My fellow sketchers Matthew and Dave joined me in presenting a workshop on urban sketching at the Annual General Meeting of the BC Society of Landscape Architects on April 27. We highlighted the global organization we belong to, urbansketchers.org.

We were also asked to present a PechaKucha on urban sketching at the conference the day before. I took it on, and had fun preparing a presentation of 20 slides x 20 seconds of talking = 6:40 minutes. Not too stressful, although I was nervous as I was sitting there waiting for my turn. But I was encouraged by the fact that all the other presenters seemed nervous too, and then it wasn’t all that bad. And how hard can it be to talk about something you enjoy doing so much?

Reconnecting with Julien Thomas, social artist

The first presenter up was Julien F. Thomas. As soon as he started, I recognized him as the nice young guy that I had coffee with about a year ago on a traffic island that he had occupied on the E. 10th Avenue bike route. It was a beautiful Sunday afternoon in late May. I had been teaching in the VCC design program for 4 months last spring, and was cycling home from mounting the design student graduation show at a downtown gallery. It was the very last thing on my list of full-time teaching duties I had taken on in addition to working in my business in 2012. I had been working 60–80 hour weeks for almost the last three months. I was exhausted. But I was done. I had a euphoric sense of sudden freedom from a huge burden, a feeling of time and space generously opening up in front of me, so I was up for almost anything. A nice-looking young man sitting in the middle of a traffic island called out to me “want a coffee?” as I rode my bike around him. I hit the brakes.
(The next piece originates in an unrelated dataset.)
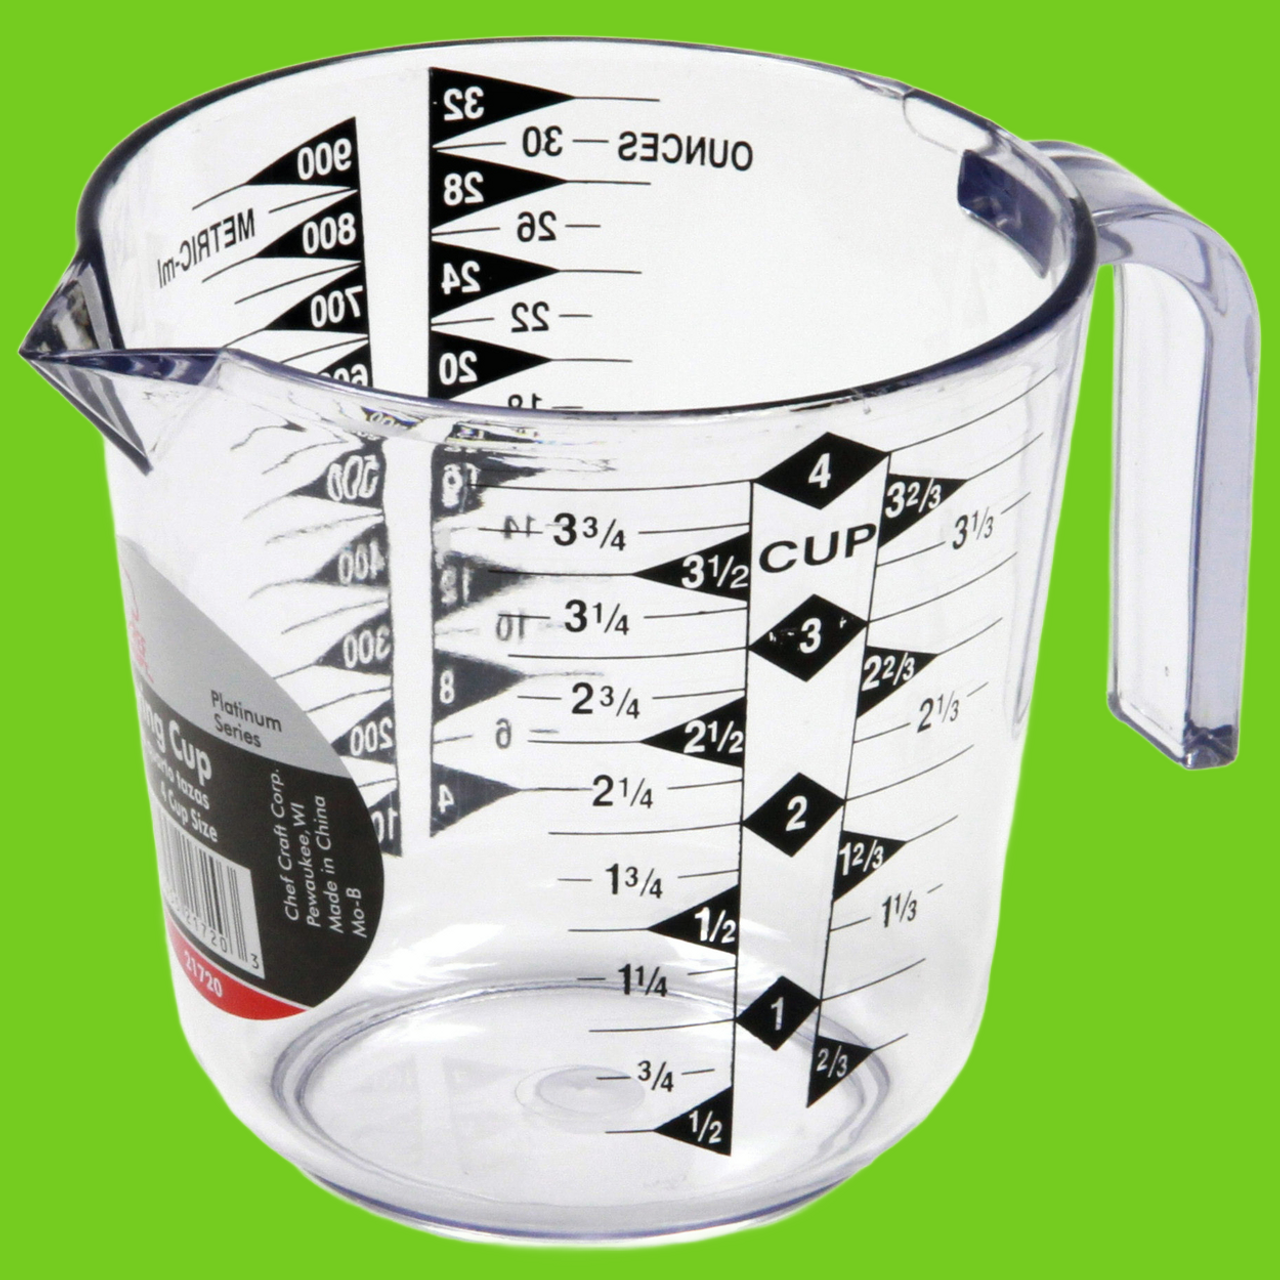 image: 4 cup measurer, green background
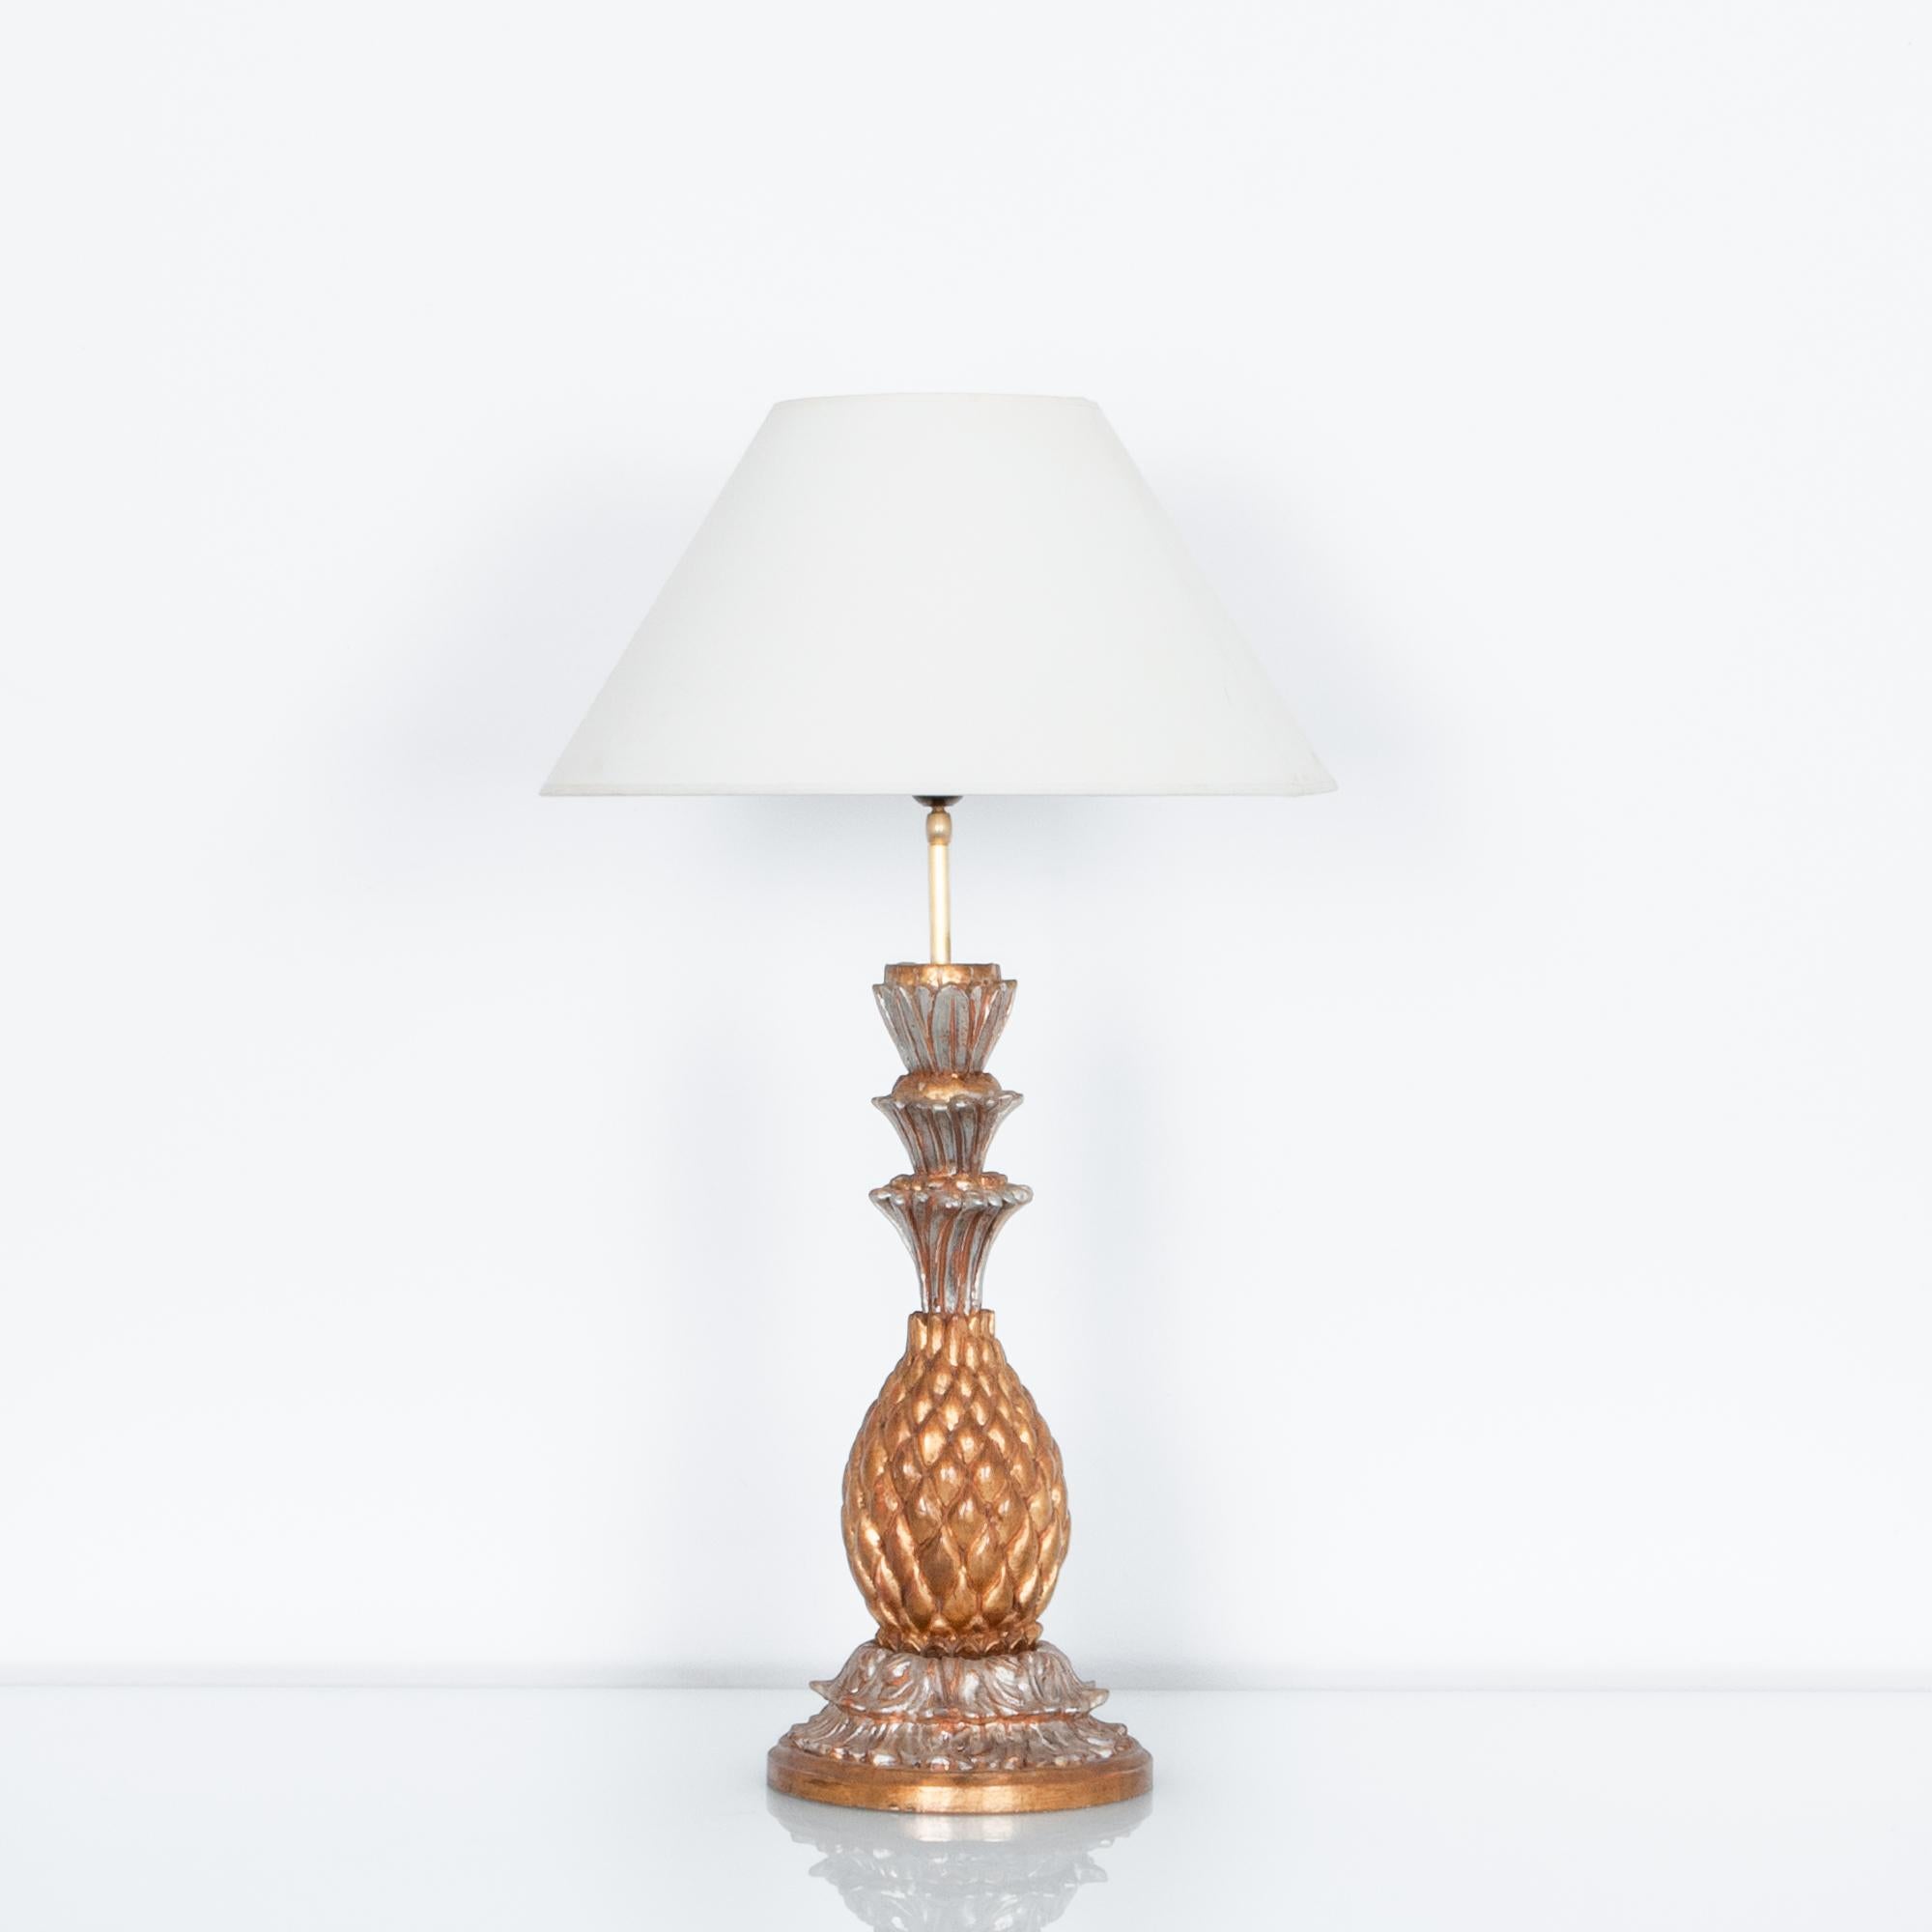 Ce fruit périssable est un symbole historique de richesse et de luxe. Cette lampe française des années 70, peinte avec justesse, représente le motif classique en mode doré. Dans une agréable gamme de tons dorés, cette lampe en bois a été mise à jour

We had a good conversation over coffee, brewed with water from an electric kettle on an extension cord on the sidewalk, with organic cream that Julien produced from somewhere in the bushes.

But back to the conference. As he got going on his PechaKucha, I realized why he was chosen to go first. He did an amazing, passionate job presenting on his various social art projects.

Pechakucha this

Oh, and I think PechaKucha should be a verb. As in, “has anyone pechakucha’d that yet?” or “I’ll have to pechakucha you on why you should chop garlic by hand rather than in a food processor”. It probably already is. If only I had a globalized, easily accessible search function at my fingertips, I could find out.